Лакей улыбнулся:
— Сочту за честь — и отправился на кухню делать завтрак.
Время обряда погребения: восемнадцать тридцать…
Как и в случае с похоронами Кристен, на похороны Мэри Бэйл Вэйн явился только когда все ушли. Ему по нраву грустить в одиночестве, без стандартных высказываний богослужителя, без толпы из необязательных друзей и завистливых подруг.
Два рядом стоящих памятника — два родственника, которые не догадывались о родстве. Бормоча очередное раскаяние, Вэйн прижался лбом к памятнику Призрачной Тени.
«Теперь мне придется патрулировать одному, как и раньше. Забавно, не правда ли? Я привыкал к твоей компании, к напарничеству — и, как всегда, голову загружали тяжеловесные раздумья, — Когда привык, мне это понравилось, а теперь я вынужден отвыкнуть, чтобы не сломаться — их бесполезно прогонять, они все равно будет лезть до тех самых пор, пока не посчитают нужным уйти, — У нас были разногласия, достаточные для расставания. Но на их фоне худо-бедно зарождались отношения. Я могу долго дискутировать на тему высшего счастья и низменных инстинктов, пытаться сопоставить прекрасное с пошлым. Но что мне даст философия? Нет тебя — нет любви».
Спауна/Джона оторвал от памятника голос, неожиданный, но знакомый. Подошедшего святым не назовешь, но по причине происходящего хаоса на него сейчас тяжело было злиться.
— Москва с ее бессребрениками и трамвайной романтикой, тогда казавшаяся всем мрачной и до невыносимости скучной, ныне вспоминается раем, в который уже не вернуться… — внутри Борис грустил не меньше Джона, но по сравнению с богачом выглядел настоящим оптимистом, — Бары, кабаки, грязь, мелкие банды, состоящие, в основном, из всяких беспритульных маугли, претензионные нескромные шлюшки, втайне мечтающие стать балеринами московского балета… Абсолютно ненужные для счастья попытки подзаработать, жизнь по воровскому уставу… — он вздохнул, — Если вы меня спросите, мистер Вэйн, я отвечу, что да, я скучаю по временам, когда люди, несмотря на бытовые трудности, на проблемы того времени, оставались людьми.

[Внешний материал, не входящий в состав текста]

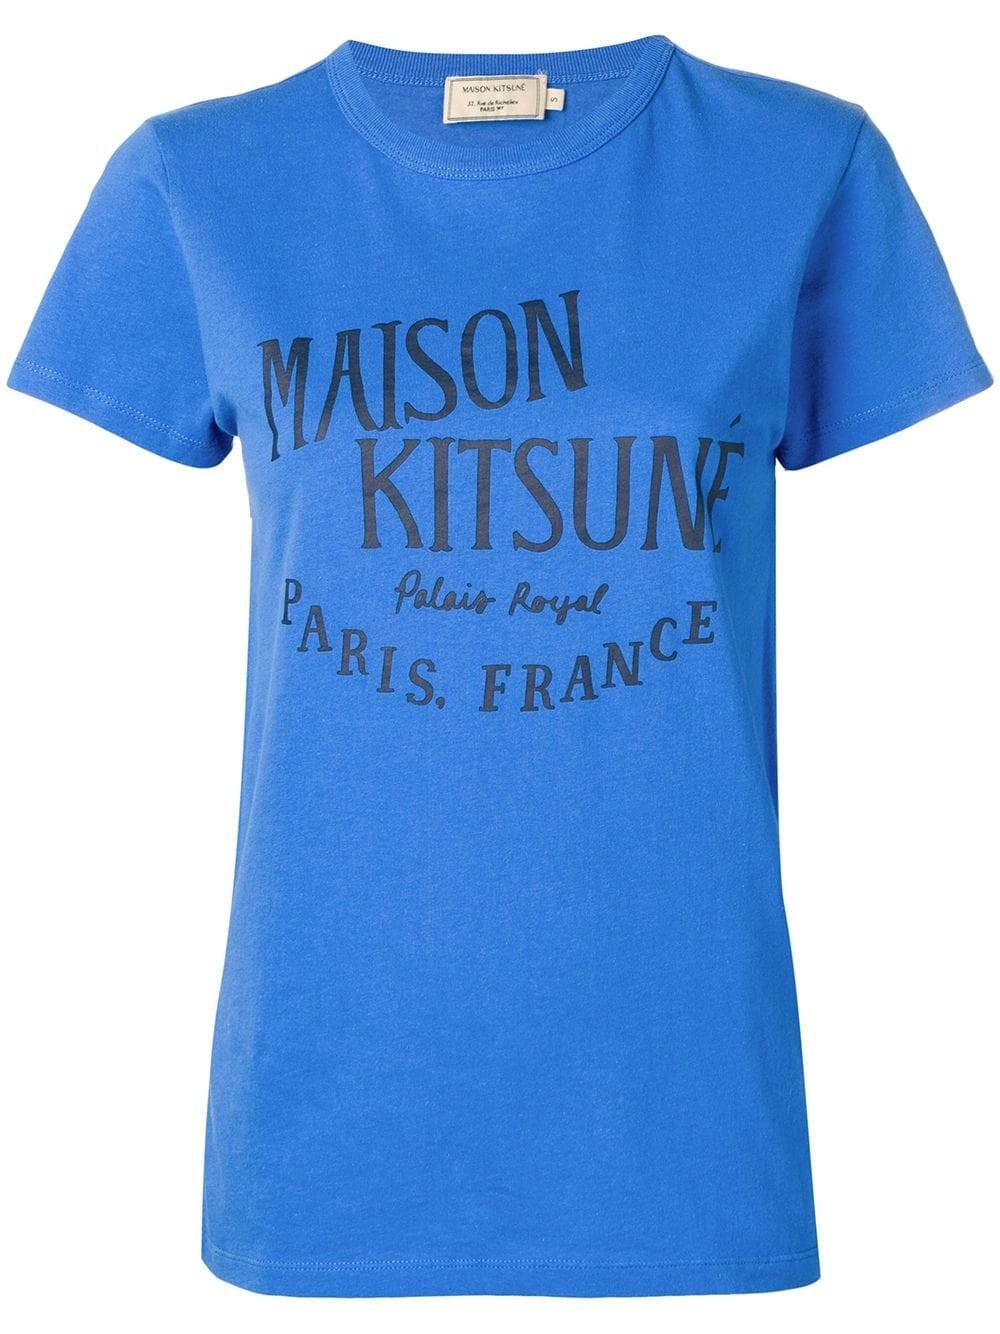 Lyst - Maison Kitsuné Logo Paris T-shirt in Blue - Save 5%

Они справлялись с этими самыми трудностями и проблемами…
— Если говорить о Соединенных Штатов, нужно принять, Великая Депрессия многих положила на лопатки, толком неготовых к проживанию в бетонных джунглях. А что до всего мира, то культ денег существовал еще тогда, спорить не буду, но он не имел такой власти над нами, как сейчас, и это касается почти всех государств. Той же России, из которой я, собственно, прибыл…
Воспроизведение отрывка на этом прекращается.